Issue #7: GPT4 can predict earnings better than humans

Plus more on how to avoid model collapse, measuring transparency in foundation models, accurately captioning videos, and identifying offensive language

Hello readers! In this issue we cover:

  • How researchers can avoid model collapse (hint: it’s with mixing human generated data with synthetic data)

  • How to measure transparency in foundation models

  • GPT-4 can predict earnings and is better than humans at financial analysis

  • Nvidia creates a framework to accurately caption videos

  • Measuring and identifying toxic language online

⛓️‍💥 Model Collapse Is Actually Not A Problem?

Models produce gibberish when successively trained on AI-generated synthetic data

Recently, this Nature article on model collapse got a lot of attention. It showed that if you train models on 100% AI-generated data, the model’s performance degrades over time and will produce gibberish, leading to model collapse.

Now, researchers at Stanford say that model collapse can be avoided by training on a combination of human-generated data and synthetic data, and that this combination of data is arguably more realistic on how models are actually trained.

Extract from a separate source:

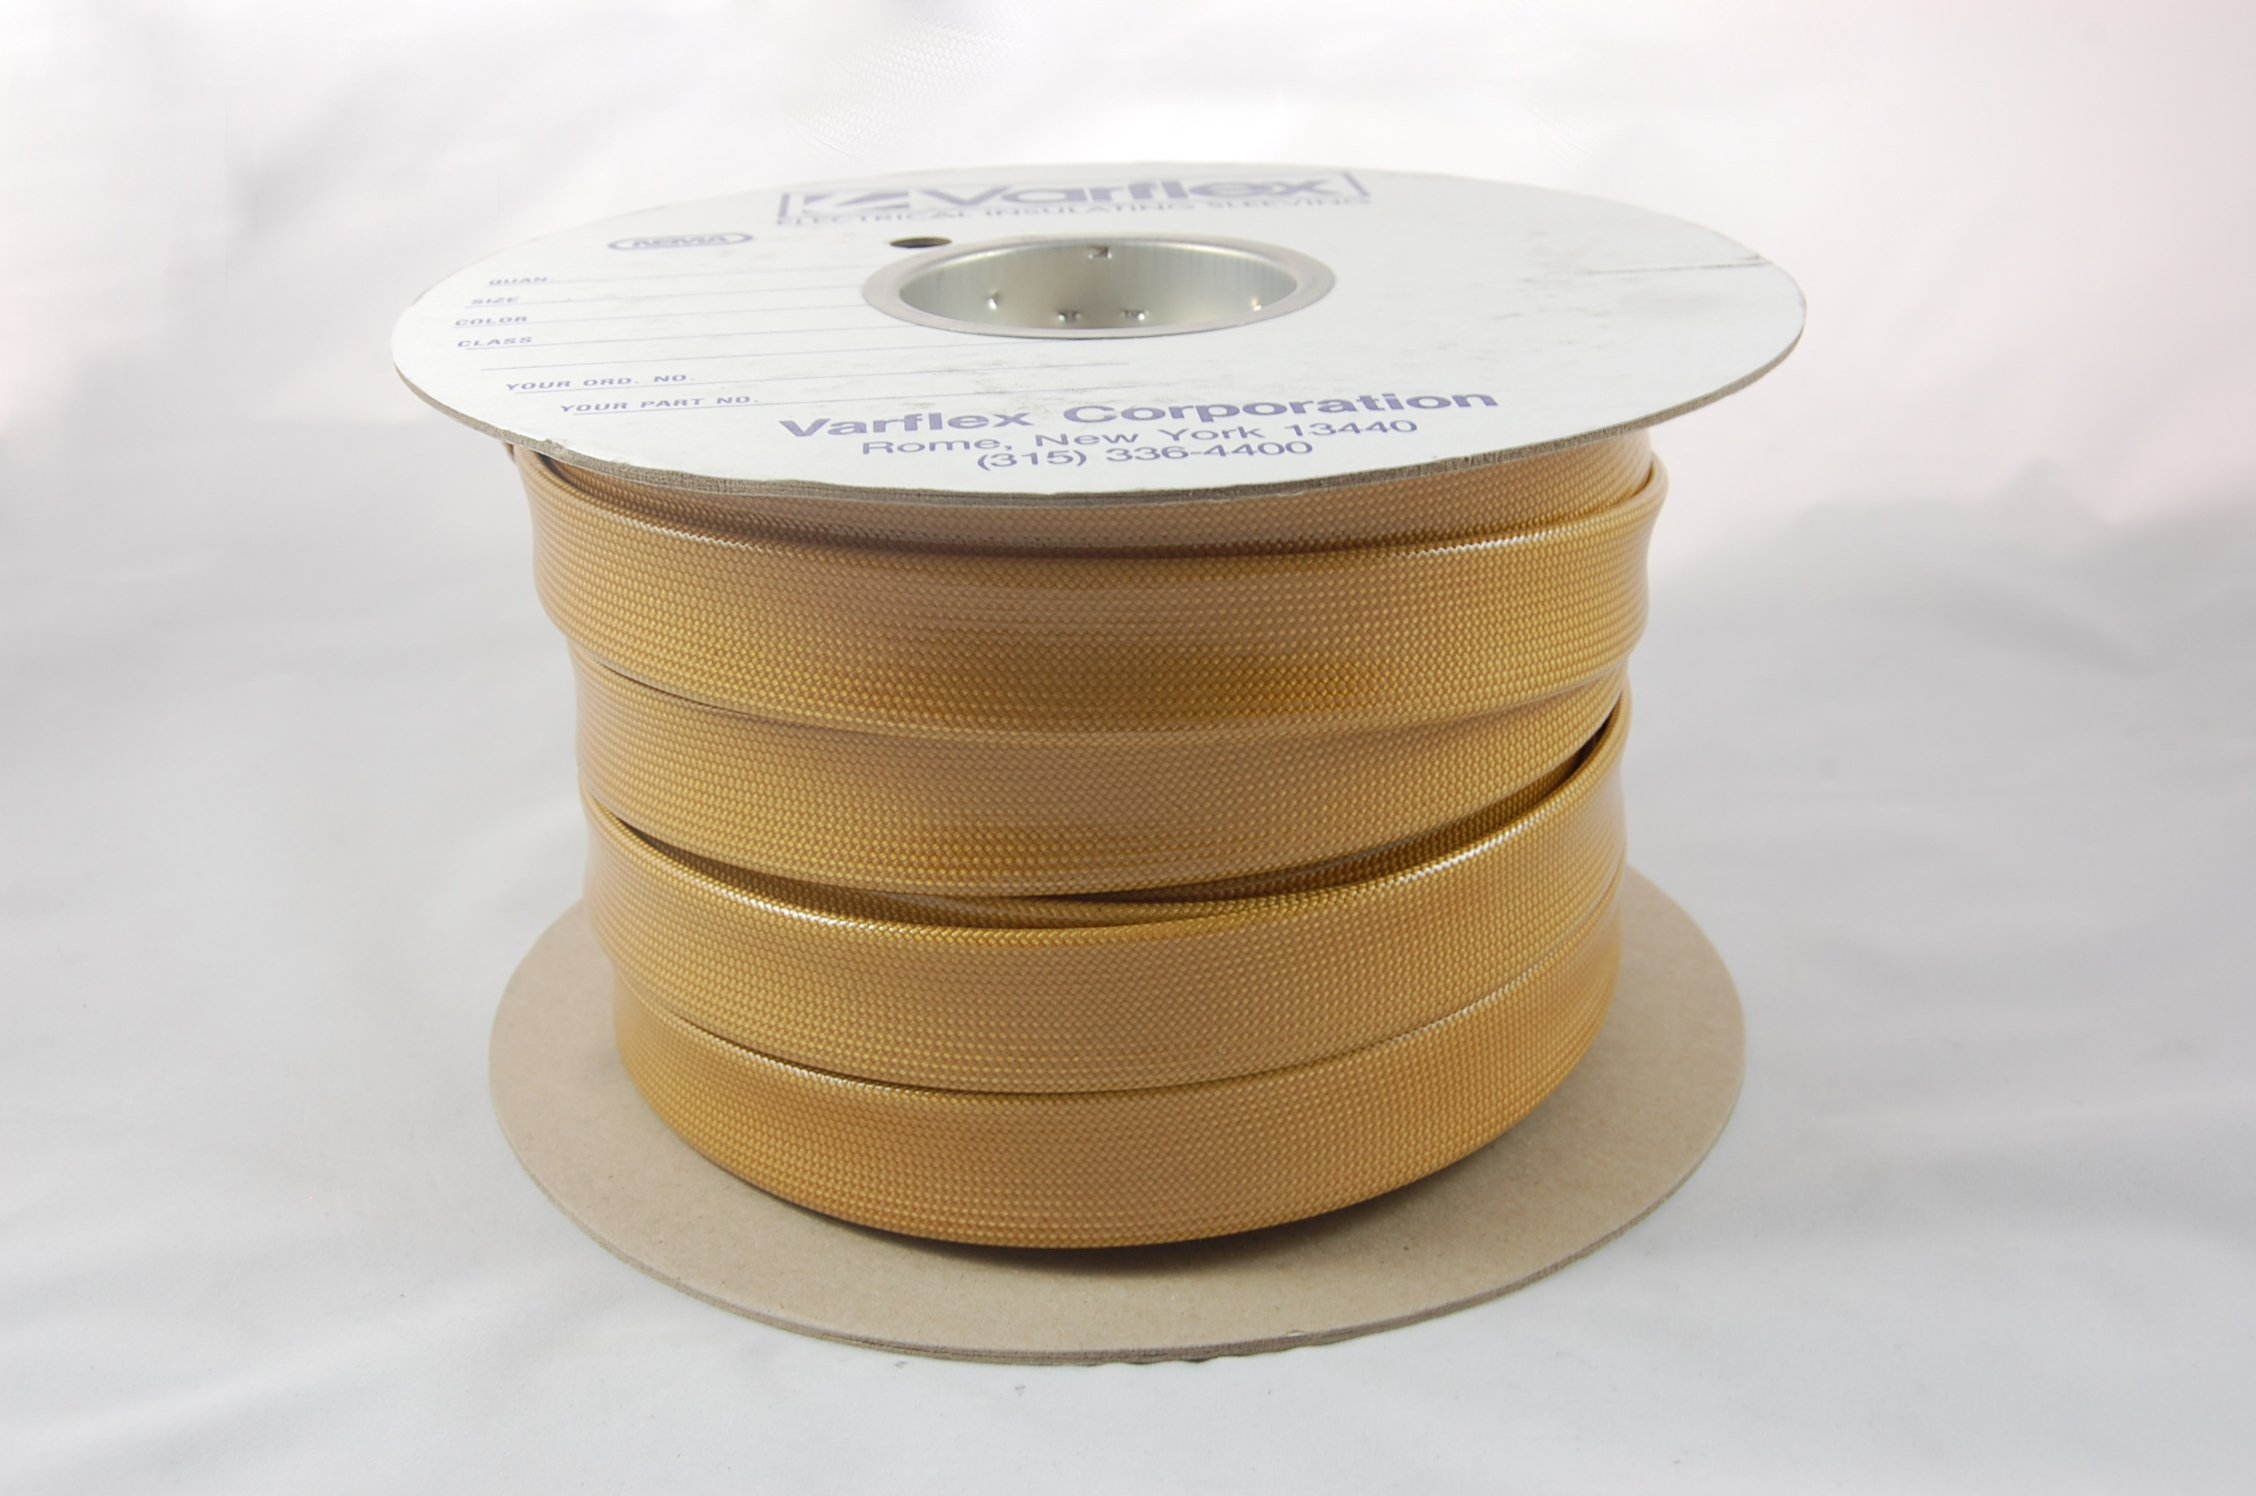 #20 AWG Varglas Silicone Resin 500 Grade H-C-1 (2500V) High Temperature Silicone Resin Coated Braided Fiberglass Sleeving 200°C, natural, 500 FT per spool

🪟 How to Measure Transparency in Foundation Models

Foundation Model Transparency Index scores

The Foundation Model Transparency Index (FMTI) measures how transparent 14 major foundation model are across 100 different indicators. One such indicator is “do they disclose wages paid for data labor?”

Almost all model developers such as Anthropic and Google became more transparent about their practices over time. Microsoft and Meta are some of the most transparent while Google, Amazon, and OpenAI are some of the least transparent.

📈 GPT-4 is Better Than Human Financial Analysts

Charging Bull in New York City

Researchers from the Chicago Booth School of Business tested if GPT-4 could analyze financial statements like a professional analyst. They found that even without extra context, GPT-4 predicted earnings changes better than human analysts. Its predictions were as accurate as advanced machine learning models and provided valuable insights. Trading strategies based on GPT-4’s predictions also performed better.

🎥 NVIDIA creates automated framework to accurately caption videos

Wolf: A Work Summarization Framework

Accurately captioning videos is crucial because it helps with content understanding and aids in the training process of video and image foundation models. Current methods of captioning are inaccurate, time consuming, and expensive. The Wolf framework, developed by researchers at Nvidia, takes advantage of multiple models to automatically caption videos and enhance content understanding. It outperforms both GPT-4 and Gemini by 50%. They also use introduce the CapScore, a metric to assess caption quality, which is used to establish a benchmark for captioning as well as a leaderboard. Gemini Pro is better at video captioning than GPT-4, while Wolf is better than both.

🤬 Measuring Toxic Language with ML models

Macro F1 score of the publicly available offensive language detection models

The prevalence of offensive content on the internet, encompassing hate speech and cyberbullying, is a pervasive issue online. This paper studies how well various LLM models and ML approaches can detect offensive language across social media platforms such as X and Facebook. A new benchmark is introduced, called GenOffense that quantifies how well these models perform in detecting offensive language generally across many data sources and platforms.

🤯 Today I Learned

Every issue, we highlight new AI concepts and terminology to help educate our readers. This issue we learned about:

Video Language Model

A video language model is a type of artificial intelligence model designed to understand and generate text descriptions or captions for video content. It combines techniques from natural language processing (NLP) and computer vision to analyze and interpret the visual and temporal information in videos. VLMs are used for video captioning, video retrieval (searching for videos based on text queries), video question-and-answering, and video generation.

ToxicBERT

ToxicBERT is a variant of the BERT (Bidirectional Encoder Representations from Transformers) model, fine-tuned specifically for detecting toxic or harmful content in text. It leverages the pre-trained BERT model's understanding of language and is further trained on datasets containing examples of toxic language, such as hate speech, abusive comments, and other forms of offensive content. By doing so, ToxicBERT can effectively identify and classify text as toxic or non-toxic, making it a valuable tool for moderating online content and combating cyberbullying.

F1 Score

The F1 score is a way to measure how well a model makes predictions. Think of it like grading a test where the score considers both how many correct answers you got (precision) and how many real answers you missed (recall). It's useful when you want to balance the importance of not missing any true positives and not falsely labeling negatives as positives. A perfect F1 score is 1, meaning the model is making all correct predictions without any mistakes.